I once believed that if abattoirs were exposed for everyone to see, everyone would become a vegetarian. But whilst talking to a good friend of mine, I realised that actually, for her, giving up the desire for good food because of animal suffering was a lofty ideal. Therefore, being unable to meet this ideal simply meant you had the same moral standards as the majority of the population, and therefore it wasn’t a big deal. The majority dictate the standards, a conventional common sense protected from criticism. I am aware that merely passing on information is not enough, it is necessary to remind people that there are still those that care about animal suffering, and beg them not to turn a blind eye. When watching videos about fur clothing-which depict animals being skinned alive and their miserable cries of agony, still living after their skin has been reduced to a bloody mess-I can say that I have never experienced hatred that intense. But who do I direct this hatred towards? The workers that make the clothes? The salespeople who sell them? The governments who tacitly give their consent? A society with no empathy? At the end my anger always ends up being directed towards myself, and my incapability of changing things.
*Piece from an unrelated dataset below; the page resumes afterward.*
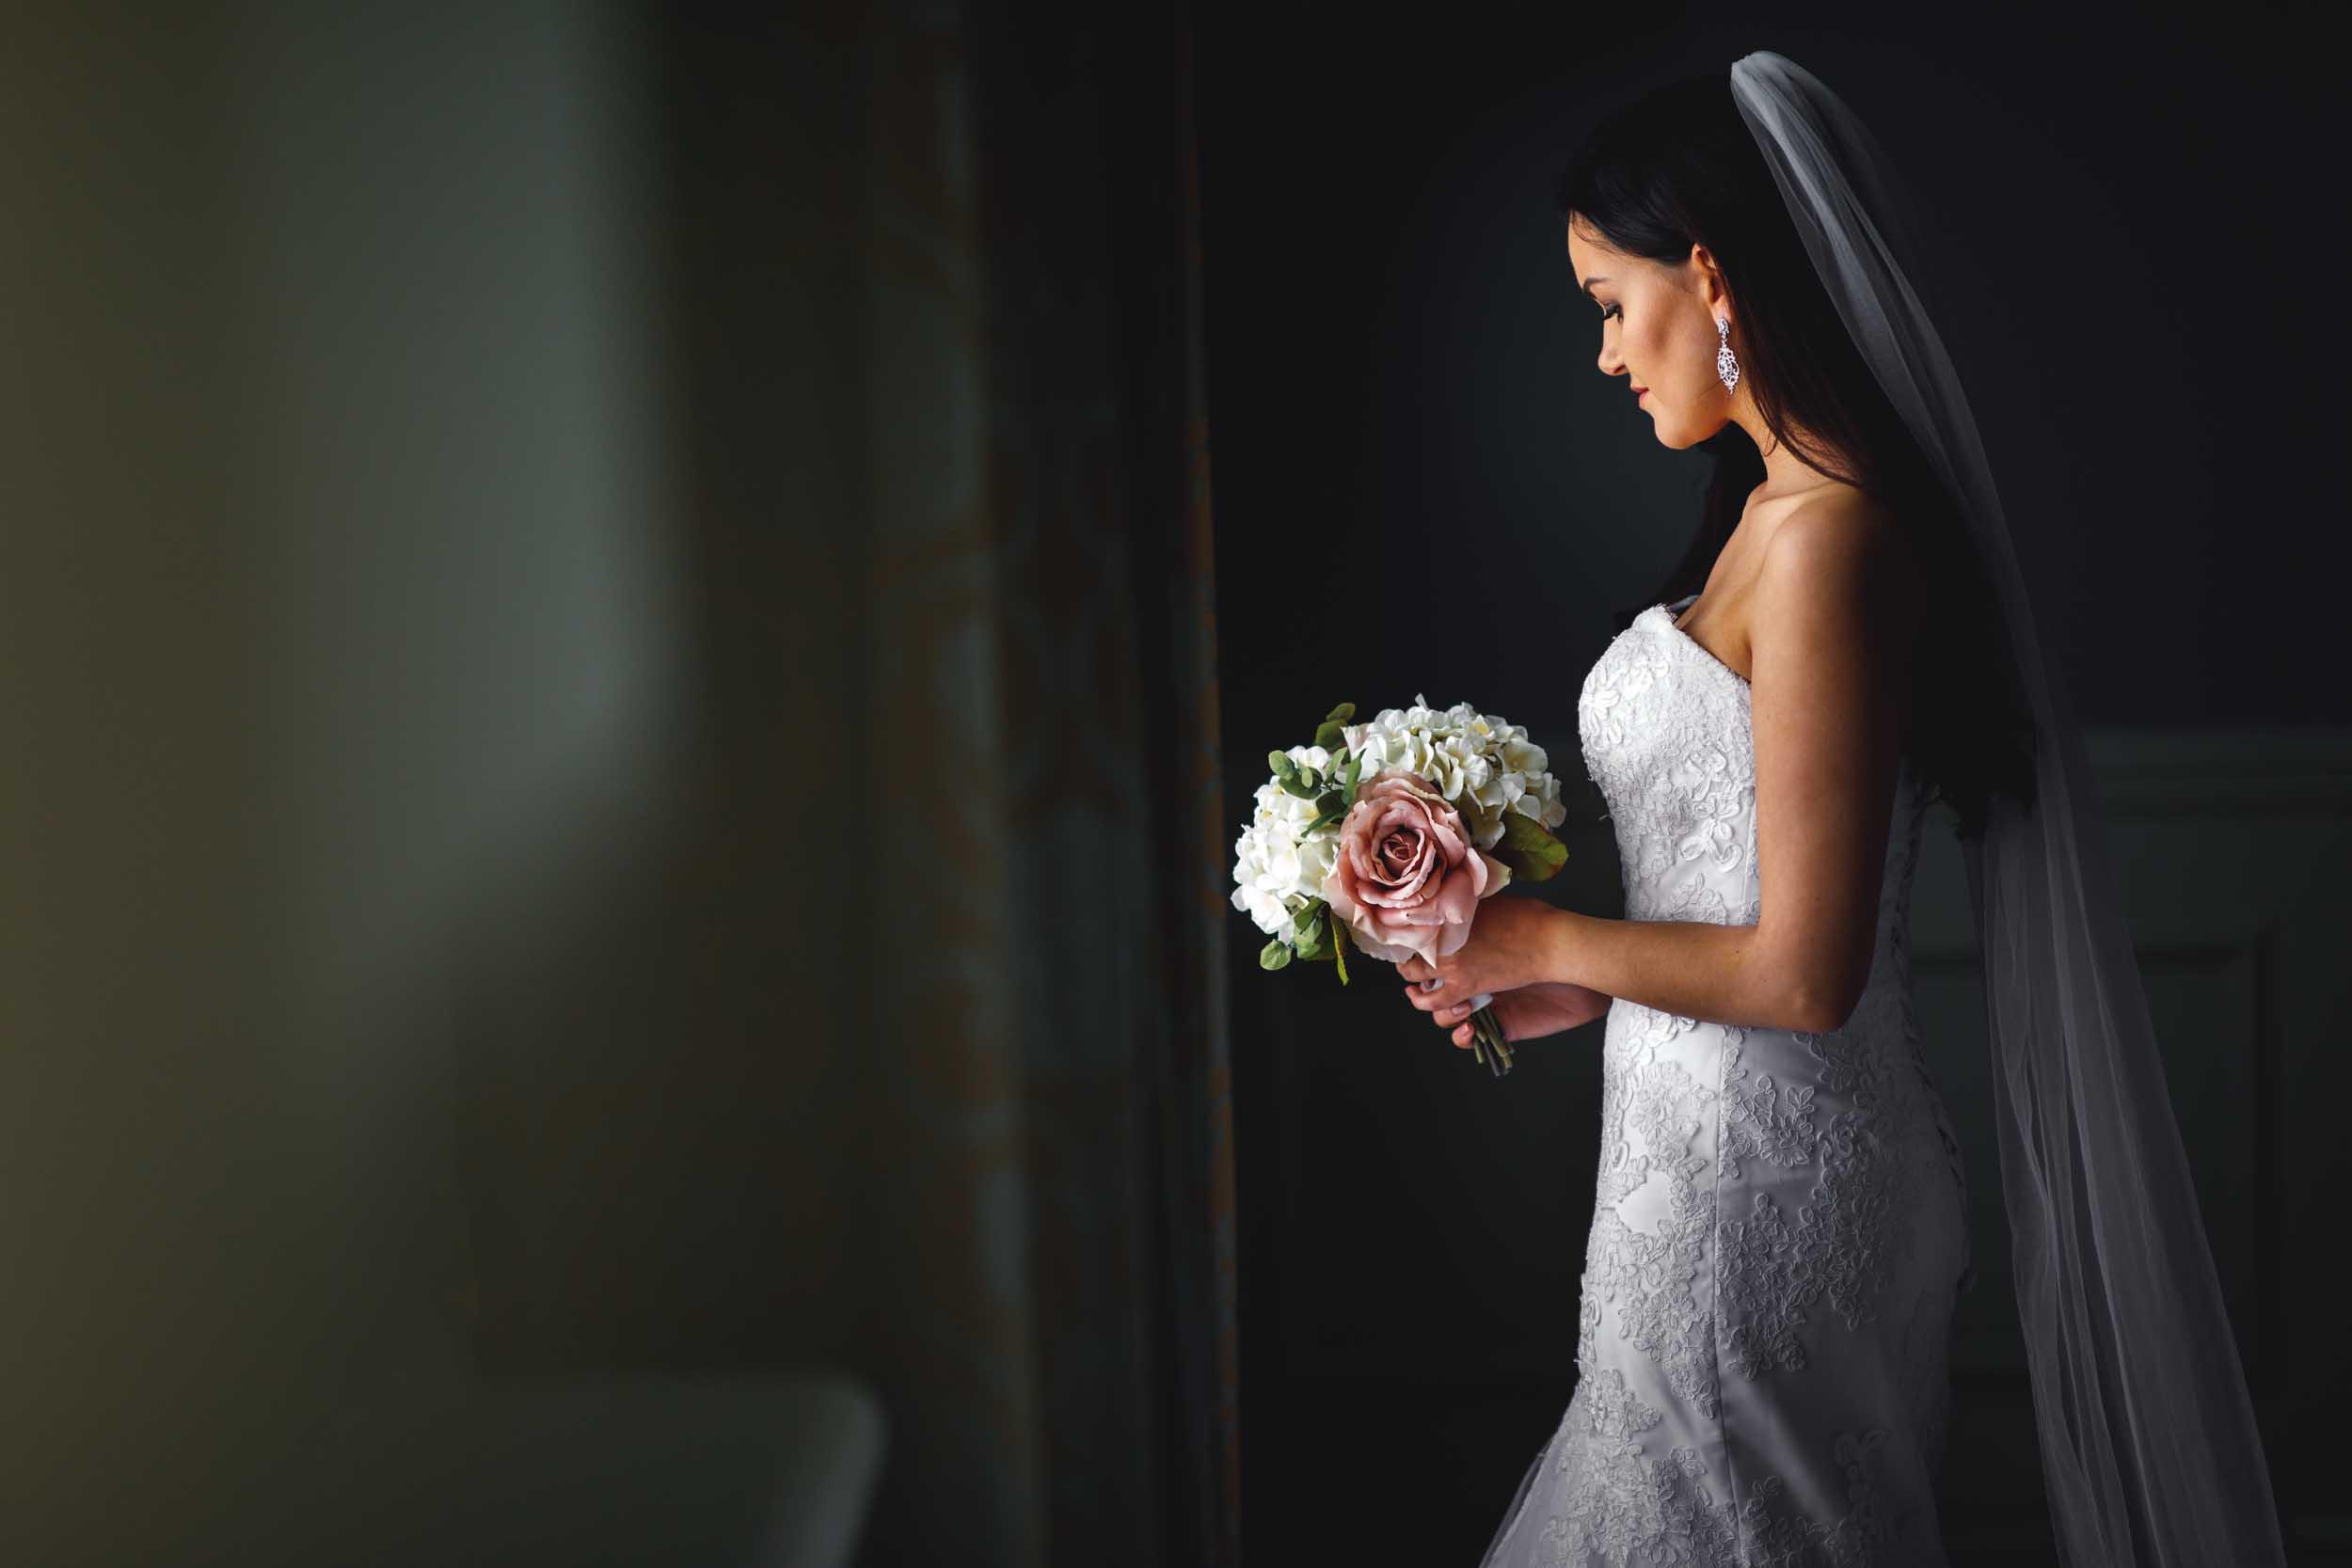 Cheltenham Wedding photographer, Wedding photography in Cheltenham, West Midlands wedding photographer, Queens Hotel Wedding Photography
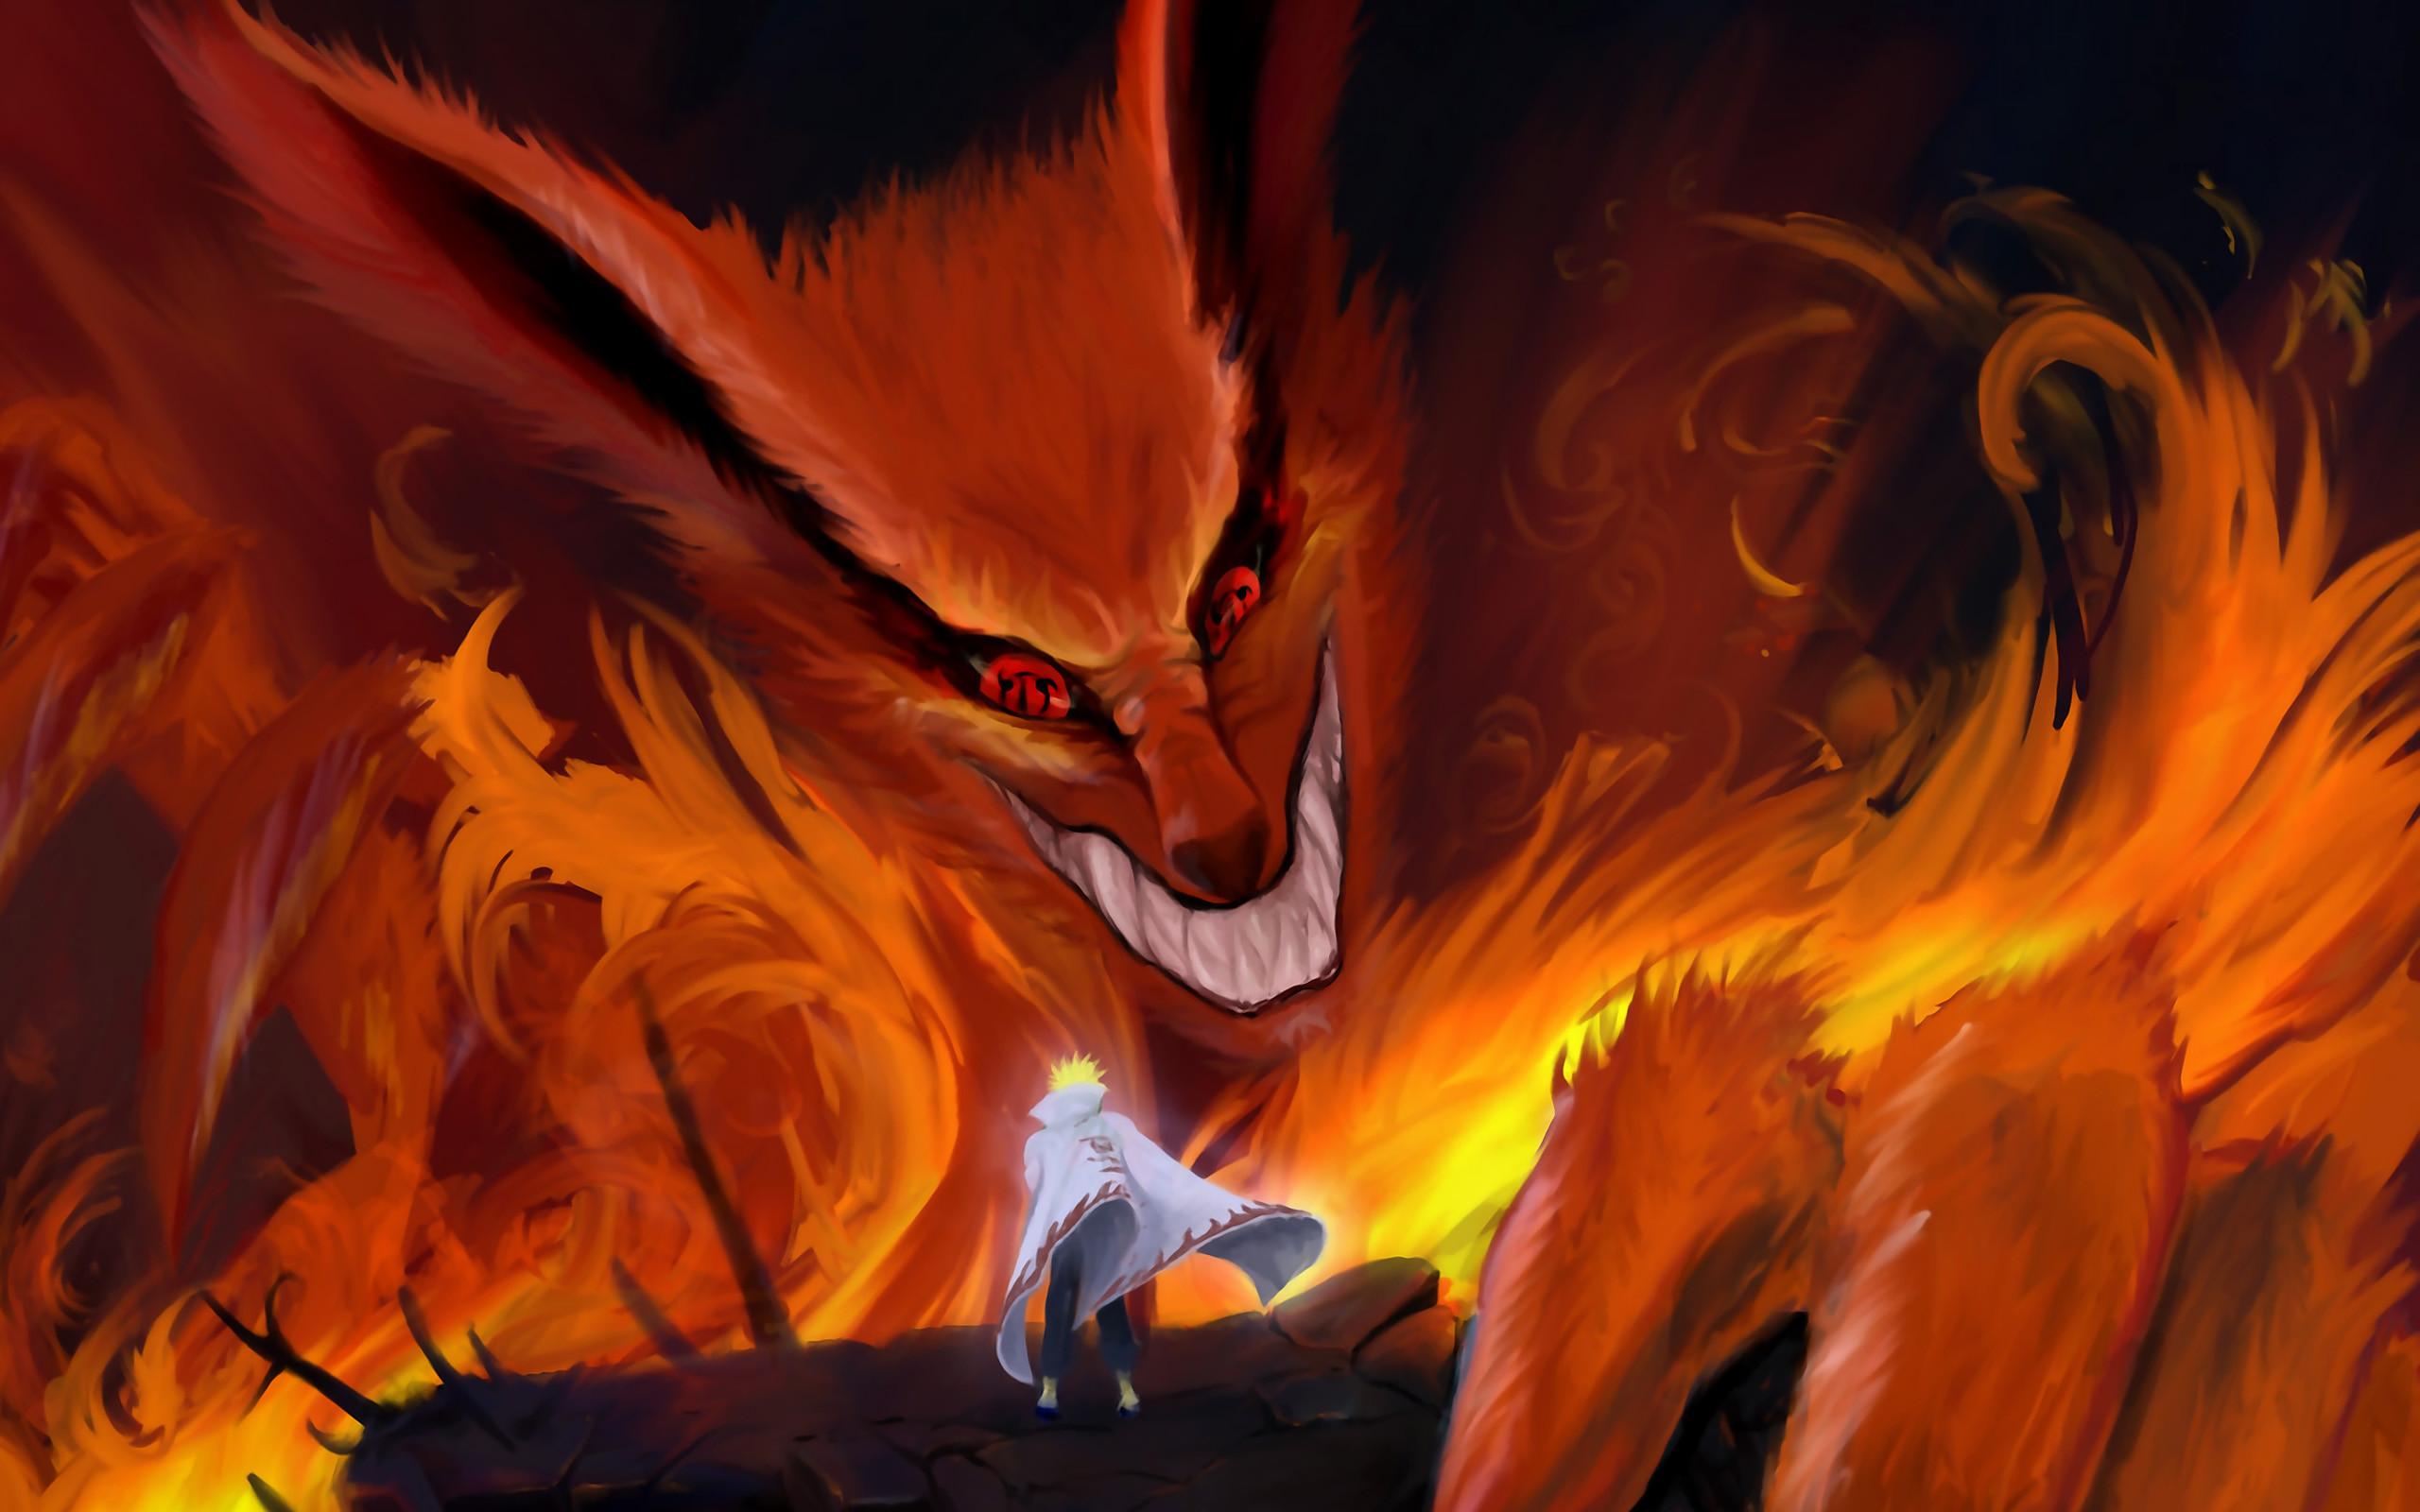 Great Wallpaper Naruto Fox - 594901-popular-naruto-nine-tailed-fox-wallpaper-2560x1600-for-pc  Image_182221.jpg

As everyone who supports animal rights knows, nobody will thank you for doing it, and often you feel dismayed and full of despair. I feel dismayed at the lack of respect mainstream society shows its fellow living animals, and I am full of despair at my own impotence. I am grateful for those around me that deeply respect me, and say: “This Monday, me and my mom ate vegetarian food”, or avoid eating meat as much as possible when they are around me. These actions make me believe that the world is still moving towards becoming a better place, and make me feel like I have the power to at least change some things. This is very important to me, your gentle strength supports me when I am tired. I have read many articles, data, and research reports, approaching the subject from the environmental protection perspective to that of animal rights. However many research papers there are is irrelevant though, those who do not want to believe still won’t believe them, in the same way as those who want to oppose animal rights will continue to do so. Author Zhu Tianxin came up with an interesting point of view: “Compassion can be acquired, cruelty can also be acquired”. If one is cruel to defenceless animals, it will be hard to prevent them in the future being cruel to weak, defenceless older people or children. If one is capable of being compassionate to animals, then they will probably act the same way towards their elders, this is what life teaches us. How to convince the majority of people to adopt this idea? The essence of animal rights is not really in scientific data, but rather in this sentence by Peter Singer: “Any arguments about human beings’ superiority to animals can’t change this fact: Animals suffer just as human beings do”. As fellow animals, we have the choice to not eat animals and to oppose the bloody nature of doing so, animals don’t have the basic right to live that allows them to protest against being slaughtered. I just want to help the animals by saying for them: “We don’t want to be cruelly massacred by people, we also feel pain.